That simply does not work. You can't sanitise, escape and reproduce correctly al...

marcosdumay · on Feb 27, 2020

> You can't sanitise, escape and reproduce correctly all at the same time.

That's why you do them at different times...

Let's go to the example:

> This is clearly dangerous input!

That's not clear at all. There is a set of values allowed for a comment, this one is probably within them, while, for example, an empty value usually isn't, as isn't and invalid UTF8 sequence. This one should pass sanitization as is.

> Change < to < in the database?

You escape it when converting into HTML. It's not the same as sanitization.

SahAssar · on Feb 27, 2020

I think what you are saying is to validate, not sanitize.

Sanitize (as I have understood it) usually means to "modify to be safe", while you are talking about rejecting invalid responses.

marcosdumay · on Feb 27, 2020

If your rules say comments will be truncated to 1000 chars, yo do it on the input. If your rules say all prices are in dollars, but your frontend accepts other currencies, you convert on the input, and overstaff the consumer support.

Honestly, those names mean a lot of different stuff to different people. It's not good that there are so many, it's more a consequence of the widespread of bad practices.

SahAssar · on Feb 27, 2020

I think what people thinking of the term like me (sanitize means modify, validate means accept/reject) will think is that if your rule is "comments will 1000 chars or less", then the validate reasoning would say reject the 1001 chars comment, while the sanitize reasoning would say truncate to 1000 chars.
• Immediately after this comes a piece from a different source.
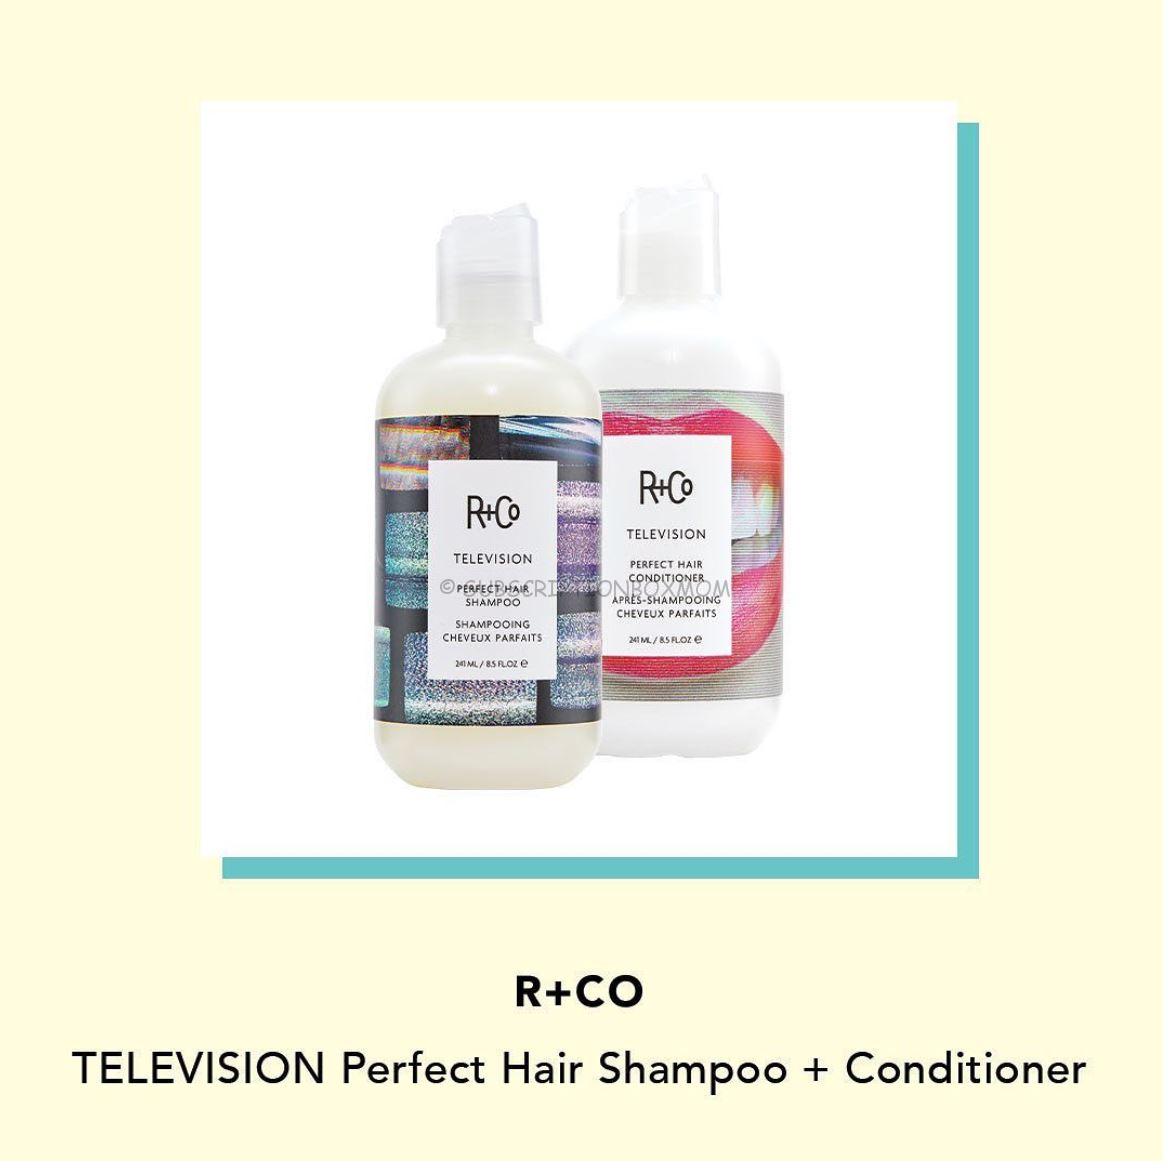 R+CO Television Perfect Hair Shampoo + Conditioner

Do you have a different reading of the terms?

DagAgren · on Feb 28, 2020

You seem to be agreeing with me. I am saying to escape, not sanitise. What I described is sanitising.

dictum · on Feb 27, 2020

Maybe I'm overengineering, but couldn't you store the sanitized version as the normal value, and also store and make publicly available the original unsanitized value in an ominously and obviously named key (say, dangerouslyUnsanitizedValue) that happens to be easily greppable/lintable?

GuB-42 · on Feb 27, 2020

I think you are overengineering ;)

Plain text can contain anything and it shall be treated as such, it is that simple.

As for security, don't assume everything in your database came from a trusted source. Maybe there are remains from an old version of your code that didn't sanitize, maybe you improperly used admin tools that bypassed checks.

inimino · on Feb 27, 2020

The idea that one string is more dangerous than another is the problem.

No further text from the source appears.